Where will MacKenzie Bezos's $18 billion end up?

Image: Elena Seibert

Divorce can be messy, and when your joint net worth is over $100 billion, it can be messier. After MacKenzie and Jeff Bezos announced their split in January, there was a lot of buzz surrounding how the couple would divvy up their shares of Amazon, which now add up to around 16 percent of the company.

When it was all said and done, MacKenzie collected $36 billion in the settlement. She's pledged to donate half of those bucks to charity as part of The Giving Pledge, a philanthropic oath created by Warren Buffett and Bill and Melinda Gates in 2010, which encourages the world's wealthiest individuals to give back. Where all that dough will go, on the other hand, is yet unannounced.

Inspired by the prolific Twitter account @BezosInContext, we have a few ideas on how the general public can take that wad of cash off her hands. 

Sure, she could buy 18 tall caffè lattes from Starbucks for every person in the United States, a Tesla Model X for nearly one-third of Seattleites, or a lifetime supply of Space Needle tickets for every Washington state resident (that is, unless they want to visit more than 54 times). However, with this much moola, we think MacKenzie could do some serious good:

1. MacKenzie's money could help 360,000 trans women pay for gender-confirming surgery. While there are a lot of social and political hurdles for folks hoping to transition, the financial burden of reassignment procedures is particularly detrimental, with surgery costing upwards of $75,000 for trans men, and $50,000 for trans women.

2. Based on average rent prices for Seattle apartments, she could theoretically pay every single Seattleite’s rent for a year. That means a lot more secure housing, a lot less calling mom and dad to ask for rent money, and a lot more meals that aren’t ramen noodles.

3. She could buy 31 solar panels for every McDonald’s in the world (if they would fit, that is).

4. The Anti-Defamation League could spend 784 times more than it did last year with MacKenzie's settlement money. And considering that the organization was able to train 14,000 law enforcement officers and reach 1.6 million kids through its No Place for Hate program in a year, all that Amazon coinage could fund extensive anti-bias education and research.

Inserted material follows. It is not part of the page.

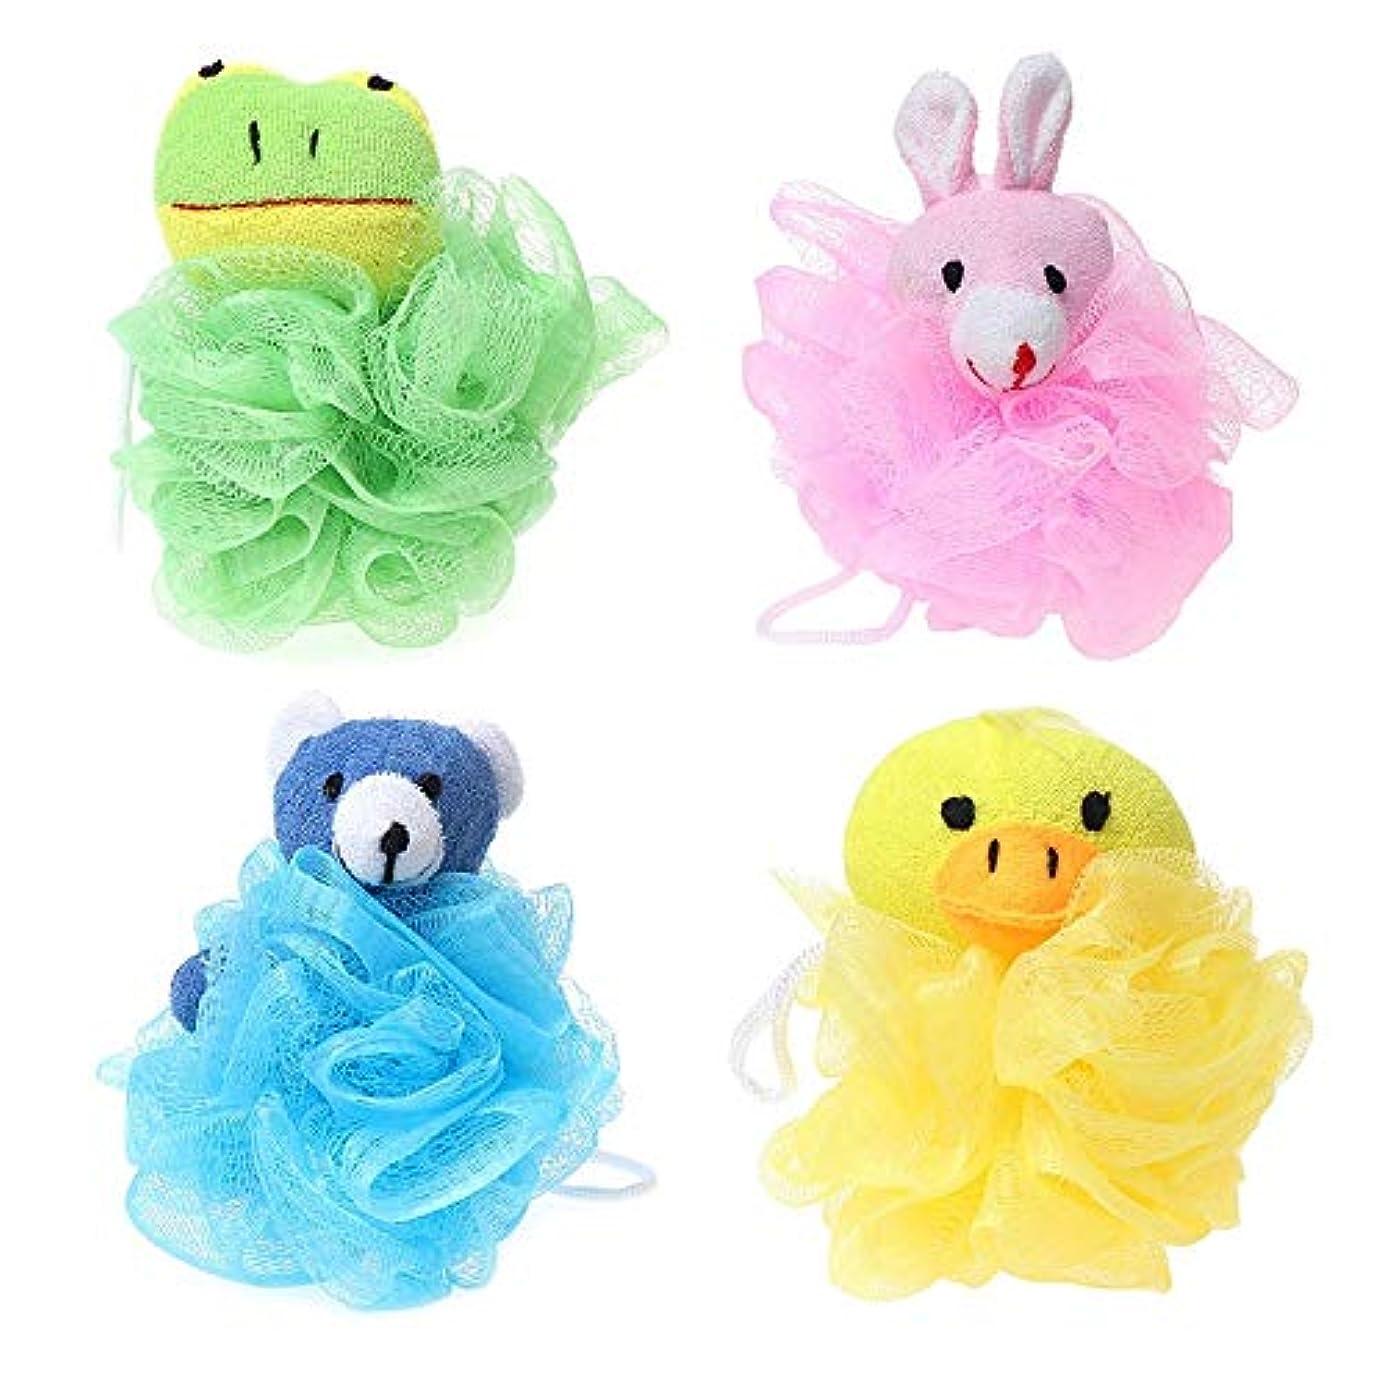 ストライプ先のことを考える旅Nrpfell 子供用おもちゃクッションパフメッシュぬいぐるみ付き(4パック)カエル、アヒル、ウサギ、クマ

5. She could multiply the City of Seattle’s operating budget for Education and Early Learning by 173. (Or the Fix It First budget by 451. Or the Immigrant and Refugee Affairs budget by 3,557.) Durkan better start making some calls.

6. MacKenzie's money could pay tuition for 1,606,139 University of Washington students for a year. Or, she could pay for every current UW student’s tuition for four years…eight times. Say goodbye, student debt.

7. And last, but not least? Every Amazon worker could get a $29,349 bonus. Or, if we're trying to be sustainable, they could be given a raise of $2,445 (and 75 cents!) a month.